That's a drag that we've seen for a few quarters and will be now on the base as we go forward. EBITDA at about INR2,000 crores. So Q1 this year was a little under INR2,000 crores, up 80% quarter 1 last year was in ballpark of INR 1,000 crores. Fashion and Lifestyle has been the biggest contributor to this because that's where revenue has come back in some way. Clearly, on better trading conditions, although very constrained relative to the last quarter that we saw, which was quarter 4, but better than the Q1 of last year when The first set of COVID restrictions were imposed.
Electronics has continued to be on momentum done well and on better trading conditions and higher store days has done better this time around. We've continued to remain razor sharp focused given that we are retail business, relatively lower margin business on managing our costs and that's continued to contribute to the resilience of our EBITDA even in times like this as revenue has been pulled up. And the results continue to have a boost from the investment income. This quarter has been about INR550 odd crores. And we've said this in the past The reason it's here is because over a period of time, as we deploy the resources that we've put in into surplus investments in which we're earning this investment income, we expect it to get replaced by EBITDA from really the new streams of business that we invest in.

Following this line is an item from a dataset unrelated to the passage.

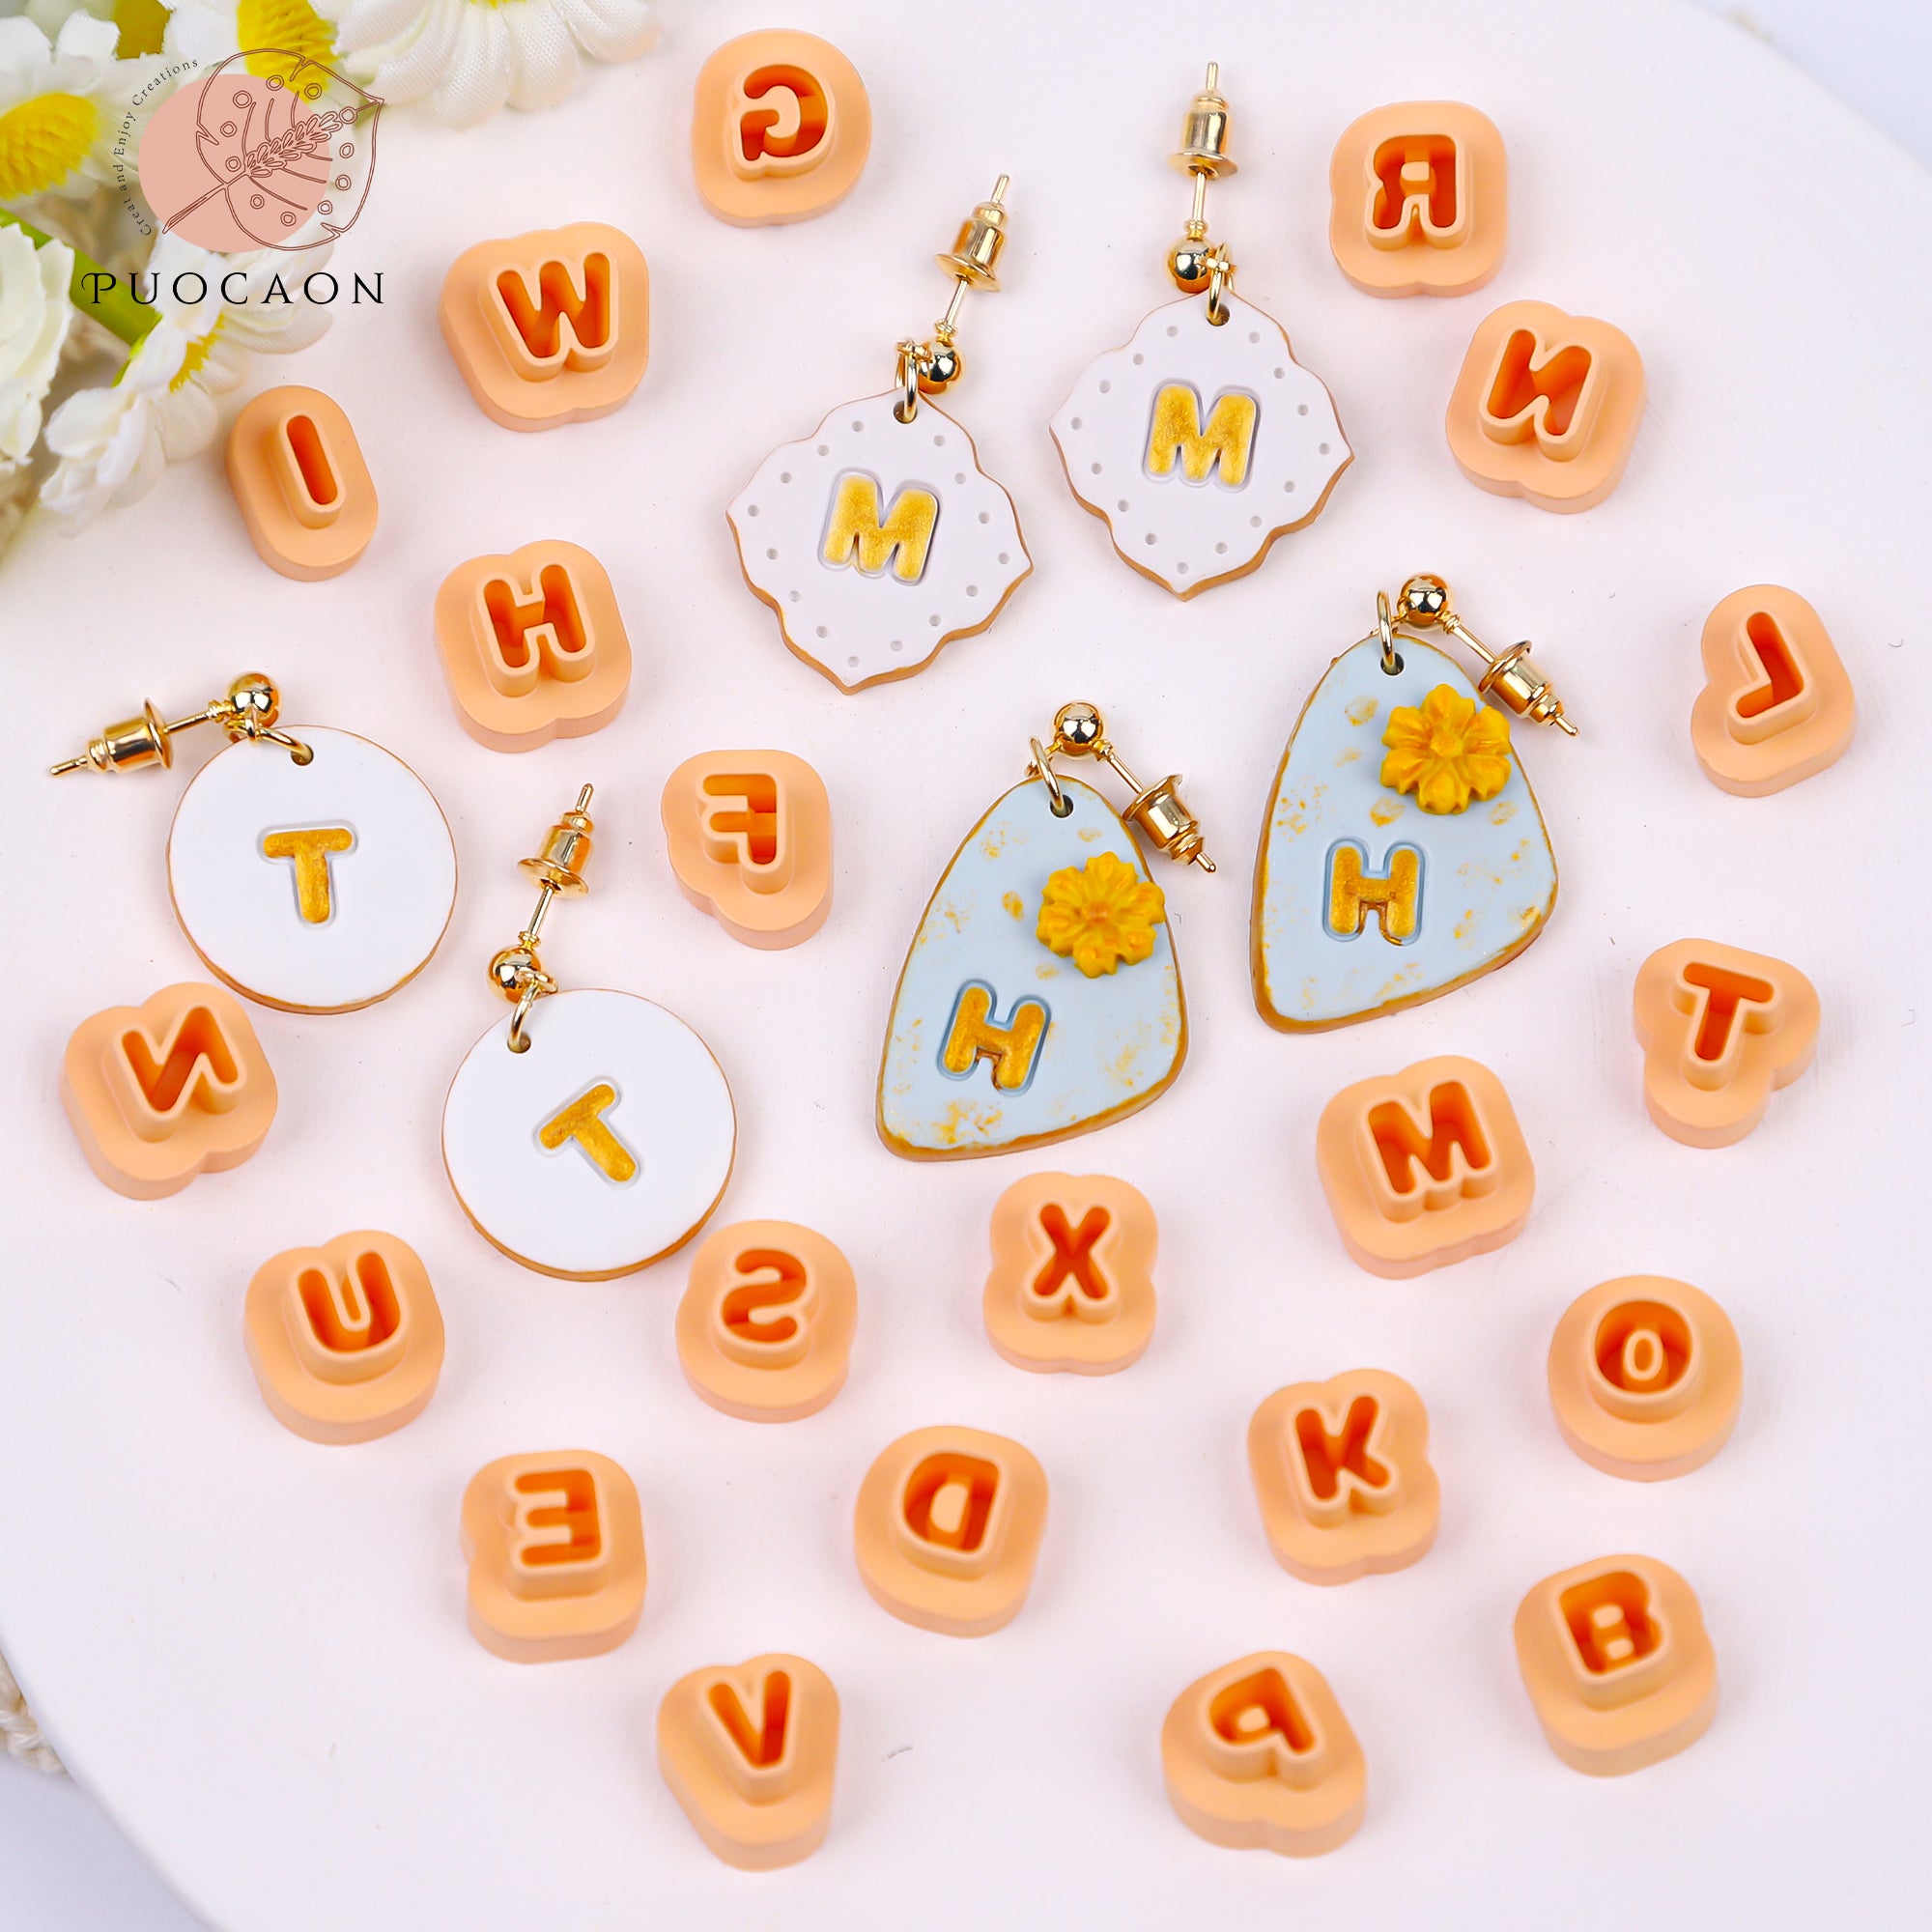 Puocaon Letters Polymer Clay Cutters 26 Pcs Uppercase Letters

Store expansion, 123, that number could Well have been over 1,000 this quarter. But like I said, we were constrained. April was pretty much the only month we could really put up a few stores, 700 in the offing and many more at various stages of development. But the larger message I want to leave with you is that the ThrustR1 expansion continues and very strong emphasis around it. Financial summary, quick headlines.
Revenue came in at $38,547 that was 22% on reported numbers basis. EBITDA was up 80% in $1941 and profit after tax was more than double over same time last year at INR 9.62 crores. Of course, sequential results have been impacted by the fact that I just mentioned significant restrictions. I just used 2 data points. We had about 95% of the store network that was operational in quarter 4 relative to like I said 60% between a mix of fully open and partially open.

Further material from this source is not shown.